Data: Download the auto.csv or auto.dta file from course materials.

Skills from Section 1: Loading packages, reading data, basic R operations.

Summary

In this section, we dive deep into data wrangling using the dplyr package. We’ll cover:

The pipe operator %>% for chaining operations
Core dplyr verbs: select(), filter(), mutate(), arrange(), summarize()
Grouping operations with group_by()
Joining datasets with various join functions
Handling missing data (NA values)
Reshaping data between wide and long formats

Setup

# Load packages
library(pacman)
p_load(dplyr, readr, haven, tidyr)

# Set working directory (adjust to your path)
setwd("~/Documents/MyClass/")

# Load data
cars <- read_csv("auto.csv")

# Or if using Stata file:
# cars <- read_dta("auto.dta")

The Pipe Operator `%>%`

The pipe operator %>% is one of the most powerful features in modern R. It allows you to chain operations together, making your code more readable and avoiding intermediate objects.

How Pipes Work

The pipe takes the output from one expression and feeds it into the first argument of the next expression:

# Without pipes (ugly!)
summary(select(cars, price, mpg, weight))

# With pipes (beautiful!)
cars %>% 
  select(price, mpg, weight) %>% 
  summary()

Reading Pipes Aloud

When reading code with pipes, say “then” for each %>%:

“Take cars, then select price, mpg, and weight, then summarize.”

Saving Results

To save the final output, assign it as usual:

# Save the result
car_summary <- cars %>% 
  select(price, mpg, weight) %>% 
  summary()

Using the Dot `.` Placeholder

Sometimes you need to specify where the piped data should go:

# The dot specifies where to place the input
cars %>% 
  select(price, mpg) %>% 
  lm(price ~ mpg, data = .)

Core dplyr Verbs

The dplyr package is built around verbs that describe what you want to do with your data.

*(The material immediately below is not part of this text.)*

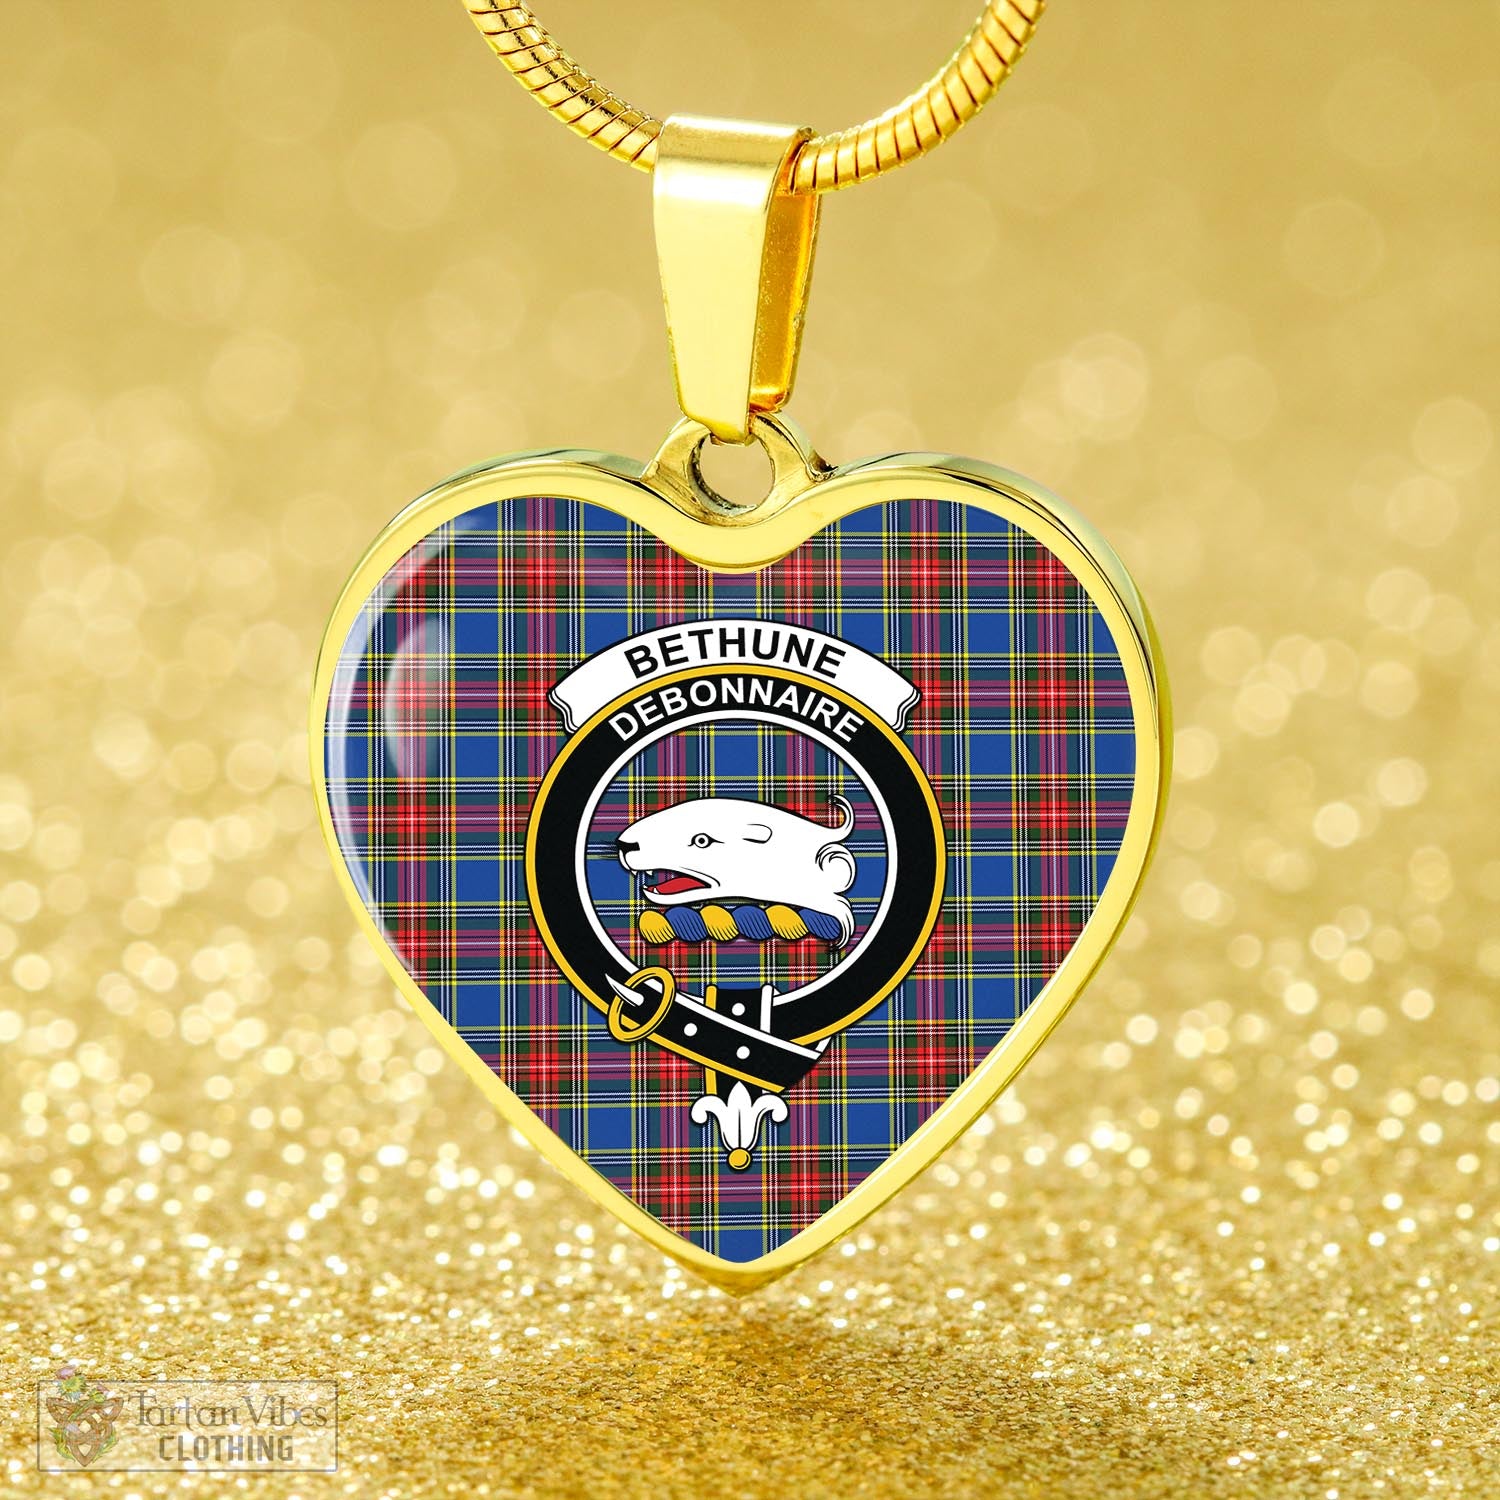 Tartan Vibes Clothing Bethune Tartan Heart Necklace with Family Crest

`select()` - Choose Columns

Select specific variables (columns) from your dataset:

# Select specific columns
cars %>% 
  select(make, price, mpg, weight)

# Select a range of columns
cars %>% 
  select(make:mpg)

# Select columns that start with "w"
cars %>% 
  select(starts_with("w"))

# Select columns that contain "price"
cars %>% 
  select(contains("price"))

# Exclude columns with minus sign
cars %>% 
  select(-foreign, -rep78)

Helper Functions for select()

starts_with("abc") - Columns starting with “abc”
ends_with("xyz") - Columns ending with “xyz”
contains("ijk") - Columns containing “ijk”
matches("regex") - Columns matching a regular expression
num_range("x", 1:3) - Columns x1, x2, x3

`filter()` - Choose Rows

Filter rows based on logical conditions:

# Cars with mpg greater than 25
cars %>% 
  filter(mpg > 25)

# Foreign cars only
cars %>% 
  filter(foreign == 1)

# Expensive AND fuel-efficient cars
cars %>% 
  filter(price > 10000, mpg > 20)

# Expensive OR fuel-efficient cars
cars %>% 
  filter(price > 10000 | mpg > 20)

# Cars that are NOT foreign
cars %>% 
  filter(foreign != 1)
# or
cars %>% 
  filter(!foreign)

Logical Operators

== equal to
!= not equal to
> greater than
< less than
>= greater than or equal to
<= less than or equal to
& and
| or
! not
%in% in a set

Filtering with Multiple Conditions

# Cars from specific makes
cars %>% 
  filter(make %in% c("Toyota", "Honda", "Mazda"))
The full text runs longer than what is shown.